Another example involves the PCSK9 (proprotein convertase subtilisin/kexin type 9) gene, whose spontaneous loss-of-function mutations in a small fraction of human beings are associated with lower plasma low-density lipoprotein (LDL) level39 In mice liver, CRISPR-Cas9 was reported to successfully induce loss-of-function mutation at PCSK9 gene locus, leading to elevated hepatic LDL receptor level and dropped plasma cholesterol level, thus holding therapeutic potentials for hypercholesterolaemia, a common disorder in modern society.40
CRISPR-mediated cancer gene therapy
Although only very few gene therapy products were licensed for cancer treatment during the past decades,3 gene therapy remains one of the hottest spots in cancer research nowadays, given that cancer is a genetic disease and that gene therapy holds the promise of combating cancer from inside with minimum side effects. Of the more than 2000 gene therapy clinical trials worldwide, 64.1% were cancer gene therapy.9
Inactivation or clearance of oncogenic virus
Many viral infections are associated with carcinogenesis, such as HBV and hepatitis C virus in liver cancer, Epstein-Barr virus (EBV) in nasopharyngeal carcinoma and human papillomavirus (HPV) in cervical cancer. Clearance or inactivation of these oncogenic viruses can interrupt and may even reverse tumorigenesis process. CRISPR-Cas9 editing system is derived from bacterial native immune system and hence has inherent advantage in defense against or clearance of viral infection. Examples have already existed of CRISPR-Cas9-mediated antivirus and antiproliferation effects in HPV-positive cervical carcinoma cell line41 and EBV-positive Burkitt's lymphoma cell line42 Zhen et al41 reported that the transfection of Cas9 and sgRNAs targeting HPV16 E6 or E7 into HPV-16-positive cervical carcinoma cell lines SiHa resulted in the inhibition of cancer cell proliferation both in vitro and in xenograft mouse model. Similarly, in a Burkitt's lymphoma cell line with latent EBV infection, CRISPR-Cas9 treatment inhibited cell proliferation and reduced viral load.42 Therefore, CRISPR-Cas9-mediated inactivation or clearance of oncogenic virus provides a promising and cost-effective option for the prevention and treatment of virus-associated cancers.

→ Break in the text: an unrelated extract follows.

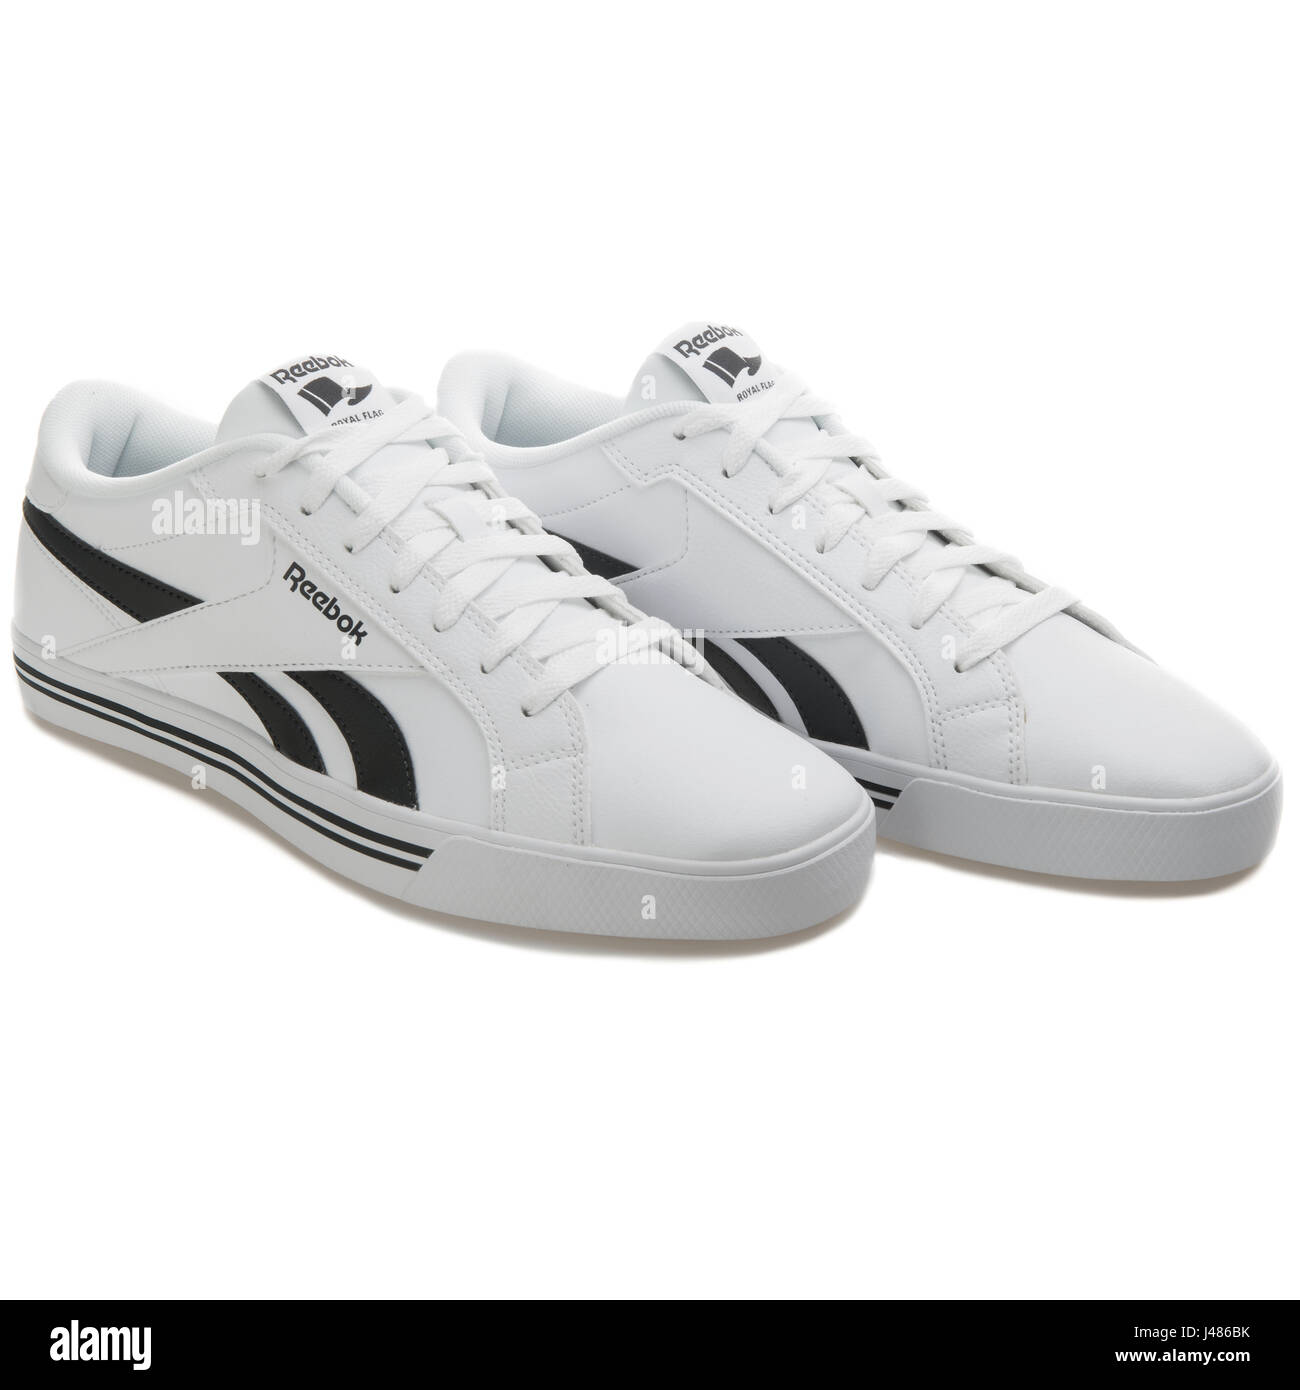 Reebok Shoes Men Sports High Resolution Stock Photography and Images - Alamy

Manipulating cancer genome or epigenome for therapeutic purposes
Given that cancer is a genetic disease and that CRISPR-Cas9 is a versatile genomic editing tool, it is easy for us to conceive that to correct oncogenic genome aberrations via CRISPR-Cas9 may represent a promising anticancer strategy. CRISPR-Cas9 can correct genetic mutations as demonstrated in monogenic diseases,30–36 and modulate epigenetic states.16 ,43–46 As two sides of one coin, genetic mutations and epigenetic alterations interact with each other and cooperate to drive cancer initiation and progression. Catalytically inactivated dCas9, for example, can bind to DNA elements and suppress their transcriptional activities, a process called CRISPRi.43 ,44 Moreover, dCas9 can be harnessed as a site-specific DNA binding domain and fused to epigenetic modifiers. Under the guidance of sgRNAs, dCas9 and the modifiers get access to the target sites and exert epigenetic regulations,16 ,45 ,46 a process termed epigenome editing, which is also a potential tool for anticancer modalities. This dCas9-effector strategy has already been applied in genome wide screening study in which gain-of-function mutations in melanoma cells that confer drug resistance were identified.46
An example of therapeutic genome manipulations comes from study by Liu et al47 in which CRISPR-Cas9-mediated bladder cancer cell-specific genome editing using an AND logic gate (figure 2). It is called ‘AND’ because there are two inputs and a single output, and only the coexistence of the two inputs can generate an output. In this study, the expression of sgRNAs and Cas9 were controlled by two promoters (two inputs), the cancer-specific human telomerase reverse transcriptase promoter and urothelium-specific human uroplakin II promoter (figure 2A), respectively. The fact that only in bladder cancer cells exist both the two promoters enables bladder cancer cell-specific expression of both Cas9 and sgRNAs (figure 2B, left). The sgRNAs were designed to target LacI gene, which expresses LacI protein that binds to Lac operator and hence suppresses the expression of the downstream effector gene (the output) (figure 2C, left). In bladder cancer cells, Cas9 and sgRNAs were both expressed, mutating LacI gene and abrogating its suppression on the effector gene, leading to bladder cancer cell-specific expression of the effector (figure 2C, right). In this study, the effector genes were p21, E-cadherin and Bax (BCL2-associated X), leading to cancer-specific growth inhibition, migration suppression and apoptosis, respectively. Theoretically, the effector can be any oncosuppressors (figure 2C) or oncogenes (figure 2D), or suicide genes that cause tumour inhibition or destruction.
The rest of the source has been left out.